Sunday, October 28, 2012

The regime abides . . .

The regime abides.

When Charles Woods, the father of Tyrone Woods, one of the Navy SEALS who died fighting in Benghazi, met with Hillary Clinton, the Secretary of State assured him that, “We’re going to have that person arrested and prosecuted that did the video.” And they got him, officially on charges of violating parole, unofficially on charges of violently offending violent Muslims.

The woman whose policy had overthrown the Libyan government and then placed a barely defended consulate in the middle of a city of Jihadists, did not promise the grieving father that his son's killers would pay. She promised him that the man who offended his son's killers would pay. Not only would his son be the first casualty of that appeasement policy, but the Constitution that his son had sworn to support and defend would be the second casualty.

Read the whole thing. 

I remember being very, very troubled by Watergate.  This is worse.


Monday, October 15, 2012

Paper or plastic, revisited . . .

Once again, I enjoyed carrying a paper bag full of groceries through the rain, as the bag dissolved in my arms.  Once again I thought of our local Portland government masters who righteously decreed that plastic bags filled with groceries are hereby declared to be  unsustainable, unmoral, unattractive, unpatriotic, ungreen, unhygienic, and ungood and anti-social, and are therefore not to be tolerated in the land of Port.

Buttholes! 

There used to be a choice; the checkout people would say, "Paper or plastic?"

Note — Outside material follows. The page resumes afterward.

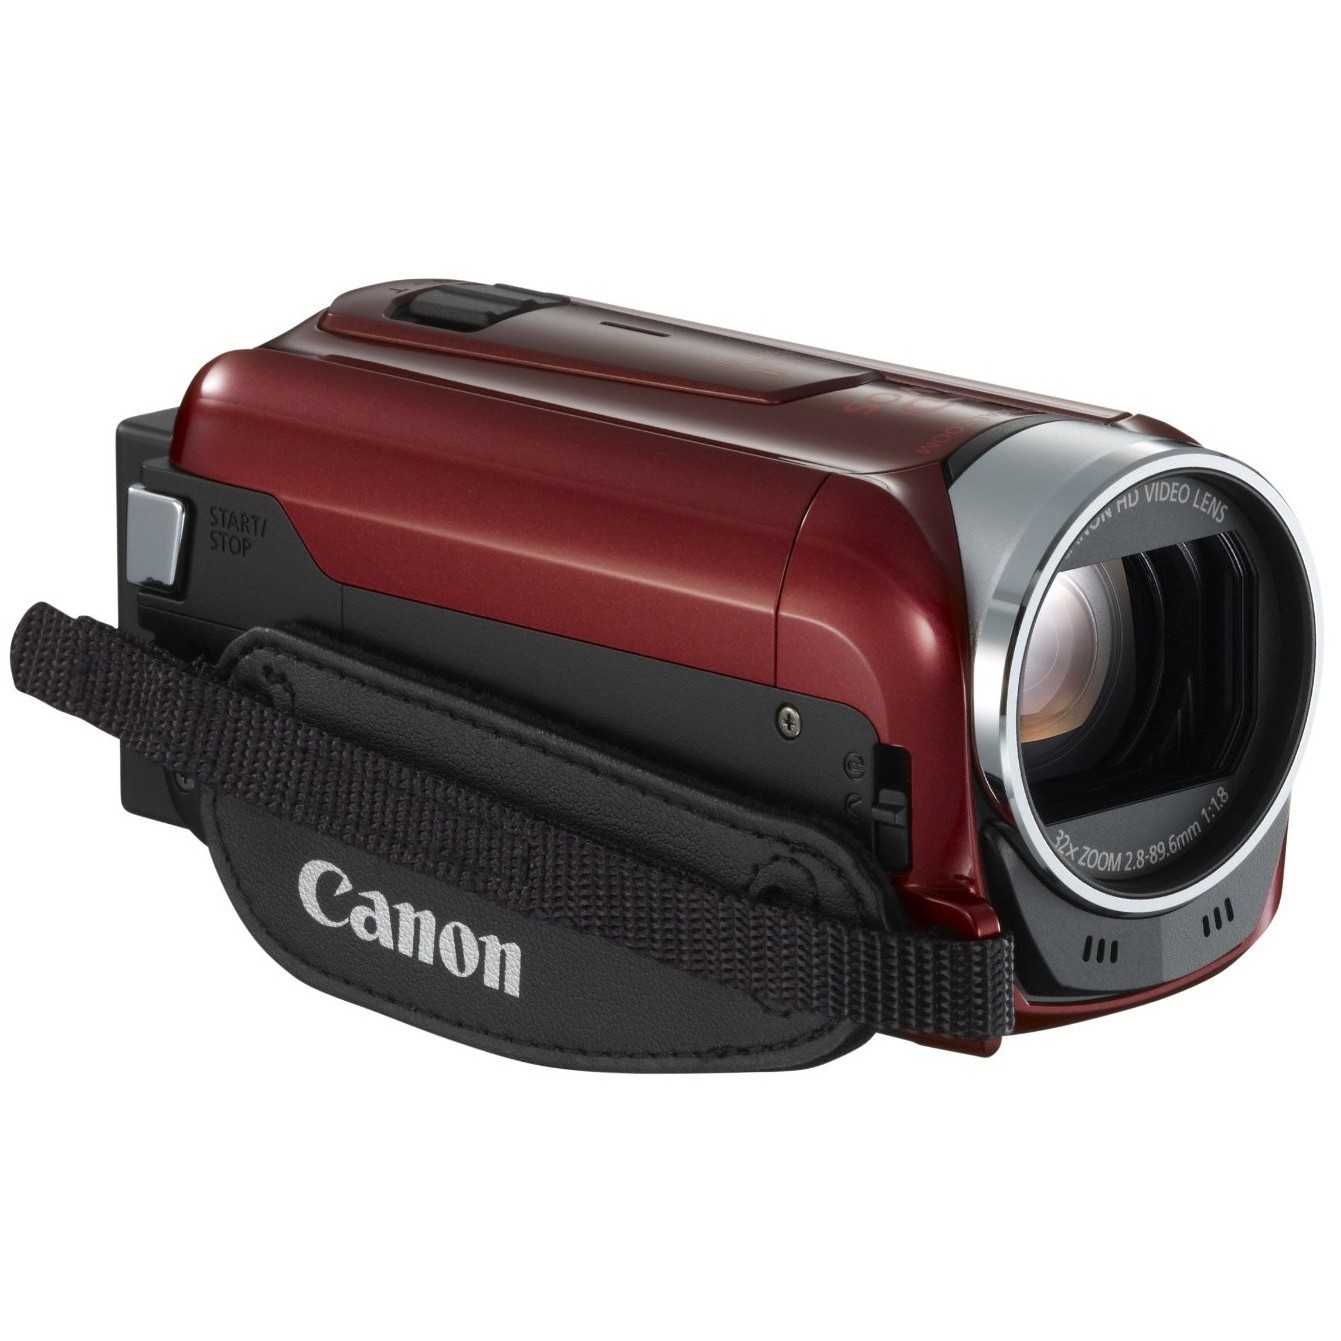 Canon legria hf r46 - купить , скидки, цена, отзывы, обзор, характеристики - видеокамеры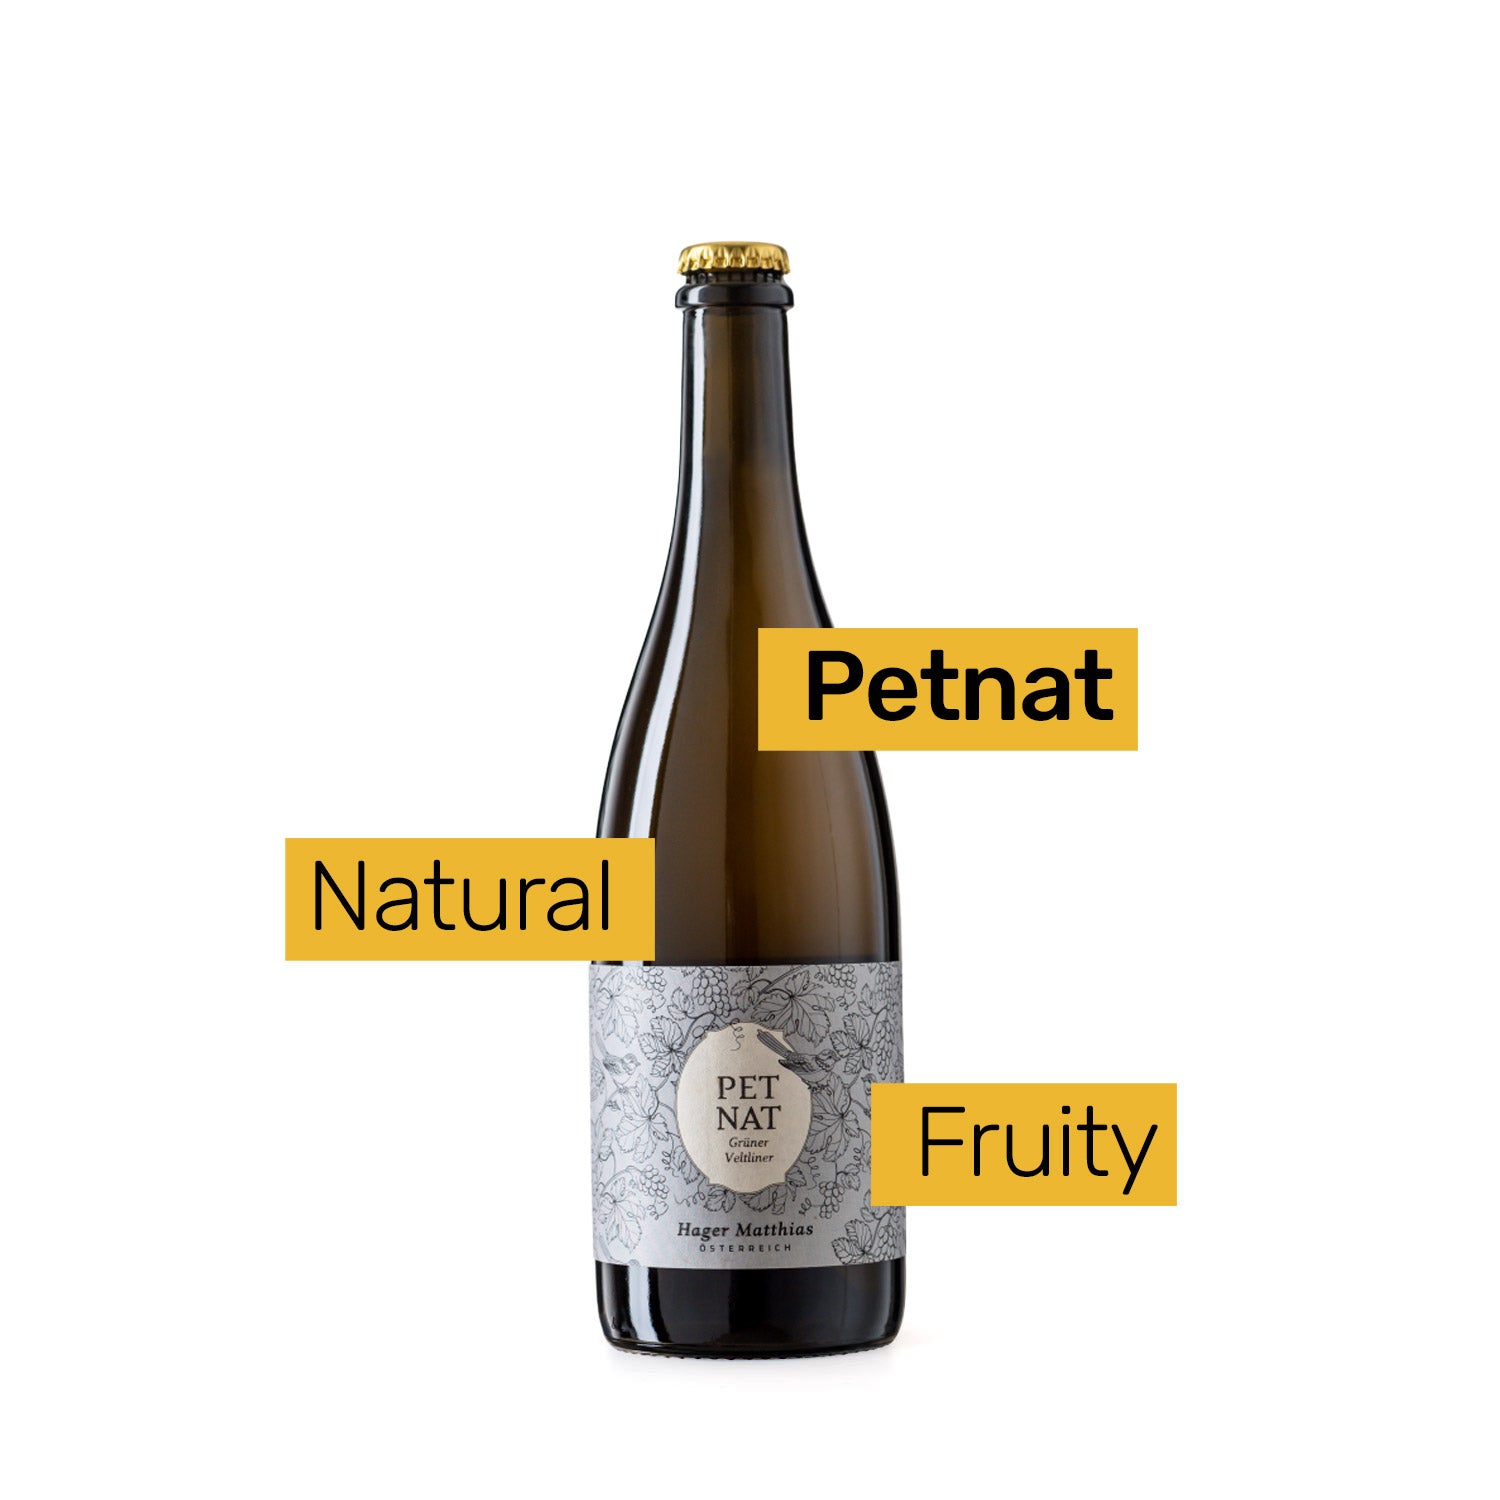 Petnat Grüner Veltliner, Matthias Hager, Naturally Sparkling White Wine

Progressive politicians just hate it when people can choose.

The other day, I was in a store when I heard, but did not see, a gentleman in the adjoining aisle loudly say, "Ah, Portland.  Land of the Lost!"  I don't have any idea what happened that made him speak those words, and I don't actually know what he meant by those words.

But I understand.

Tuesday, October 09, 2012

French youth's declaration of war . . . .

This is an interesting event.  I'm not sure what to make of it, but then, I'm not of the same culture nor the same age.  By a bunch.

Nevertheless, I understand the frustration with the "hippie" values which have infected the political landscape.  They got that rejection of responsibility thing right, I think. 

Everything was "groovy" for the youth of the late 60's while the grownups were still in charge, even as the youth of the 60's aged into their forties and even fifties.  But now, when the youth of the 60's have become the grownups in charge - not so much. 

You still see self-congratulatory bumper stickers announcing, "War is not the Answer." 

Well, maybe not.  But the answer sure as hell isn't the "flower power," "love is all around,"  "if it feels good, do it,"  cheery optimism which rejected the values and life strategies which saved western civilization in the first half of the 20th century.

The message is that things aren't free just because you don't have to pay for them.  Somebody else is getting stuck with the bill.